I have a big data.frame of time-series (>5*10^6 rows) (df_ts
) and a smaller data.frame with manual adjustments for the time-series (df_adj
):
# Example data
sq1 <- seq.Date(as.Date("2017-01-01"), as.Date("2017-01-15"),by = "days")

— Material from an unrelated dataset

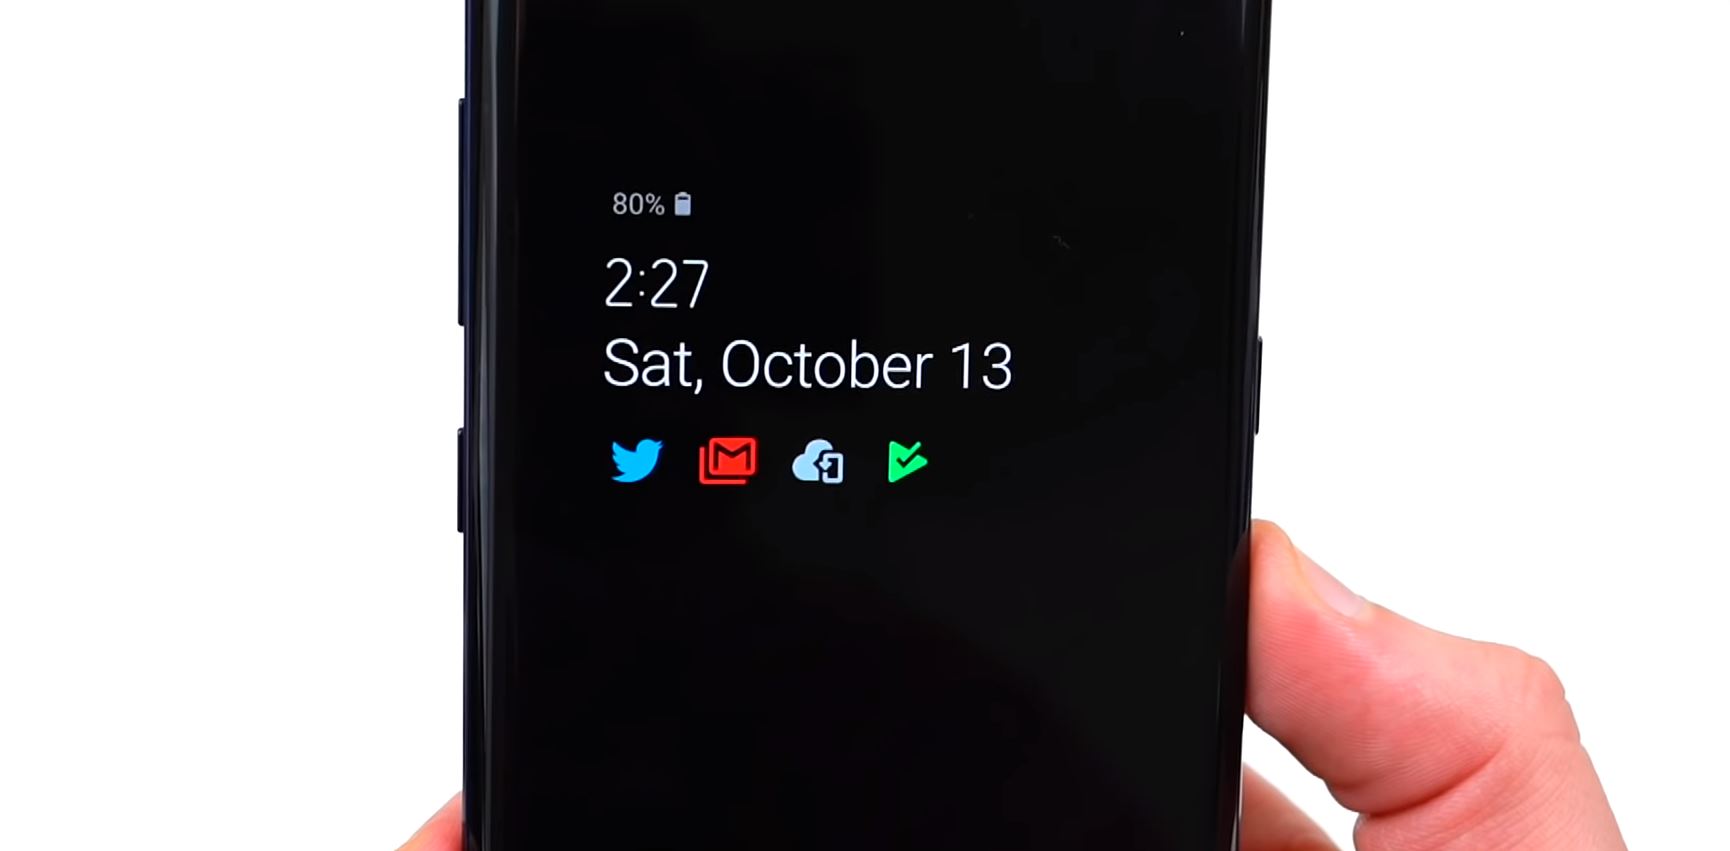 One UI от Samsung. Обзор новой оболочки для смартфонов - always on display

df_ts <- data.frame(Station = rep(c("A", "B"), each = length(sq1)),
Date = rep(sq1, 2),
Value = rnorm(n = 2* length(sq1)),
ValueAdj = 0)
df_adj <- data.frame(Station = c("A", "A", "B"),
Start = as.Date(c("2017-01-02", "2017-01-10", "2017-01-05")),
End = as.Date(c("2017-01-02", "2017-01-13", "2017-01-05")),
Adj = c(NA, 0.5, -0.6))
Time-steps are not necessary equal as in the example data
I want to change df_ts$ValueAdj
to values from df_adj$Adj
for periods defined by df_adj$Start
and df_adj$End
. Dates are inclusive and values in df_adj$Adj
are numeric or NA.
Below is my solution with a for
loop:
for(i in 1:nrow(df_adj)){
df_ts[df_ts$Station == df_adj$Station[i] &
df_ts$Date >= df_adj$Start[i] &
df_ts$Date <= df_adj$End[i], "ValueAdj"] <-
df_adj$Adj[i]
}
Returns:
Station Date Value ValueAdj
1 A 2017-01-01 -1.9049554 0.0
2 A 2017-01-02 -0.8111702 NA
3 A 2017-01-03 1.3240043 0.0
4 A 2017-01-04 0.6156368 0.0
5 A 2017-01-05 1.0916690 0.0
6 A 2017-01-06 0.3066049 0.0
7 A 2017-01-07 -0.1101588 0.0
8 A 2017-01-08 -0.9243128 0.0
9 A 2017-01-09 1.5929138 0.0
10 A 2017-01-10 0.0450106 0.5
11 A 2017-01-11 -0.7151284 0.5
12 A 2017-01-12 0.8652231 0.5
13 A 2017-01-13 1.0744410 0.5
14 A 2017-01-14 1.8956548 0.0
15 A 2017-01-15 -0.6029973 0.0
16 B 2017-01-01 -0.3908678 0.0
17 B 2017-01-02 -0.4162220 0.0
18 B 2017-01-03 -0.3756574 0.0
19 B 2017-01-04 -0.3666309 0.0
20 B 2017-01-05 -0.2956775 -0.6
21 B 2017-01-06 1.4418204 0.0
22 B 2017-01-07 -0.6975383 0.0
23 B 2017-01-08 -0.3881675 0.0
24 B 2017-01-09 0.6525365 0.0
25 B 2017-01-10 1.1247724 0.0
26 B 2017-01-11 -0.7721108 0.0
27 B 2017-01-12 -0.5080862 0.0
28 B 2017-01-13 0.5236206 0.0
29 B 2017-01-14 1.0177542 0.0
30 B 2017-01-15 -0.2511646 0.0
I am looking for a neater (and faster) solution preferably with dplyr/tidyr. The solution with join %>% filter %>% select
like in the here doesn't work in my case because replacement value could also be NA. I am also not sure how would that perform on a big data.frame.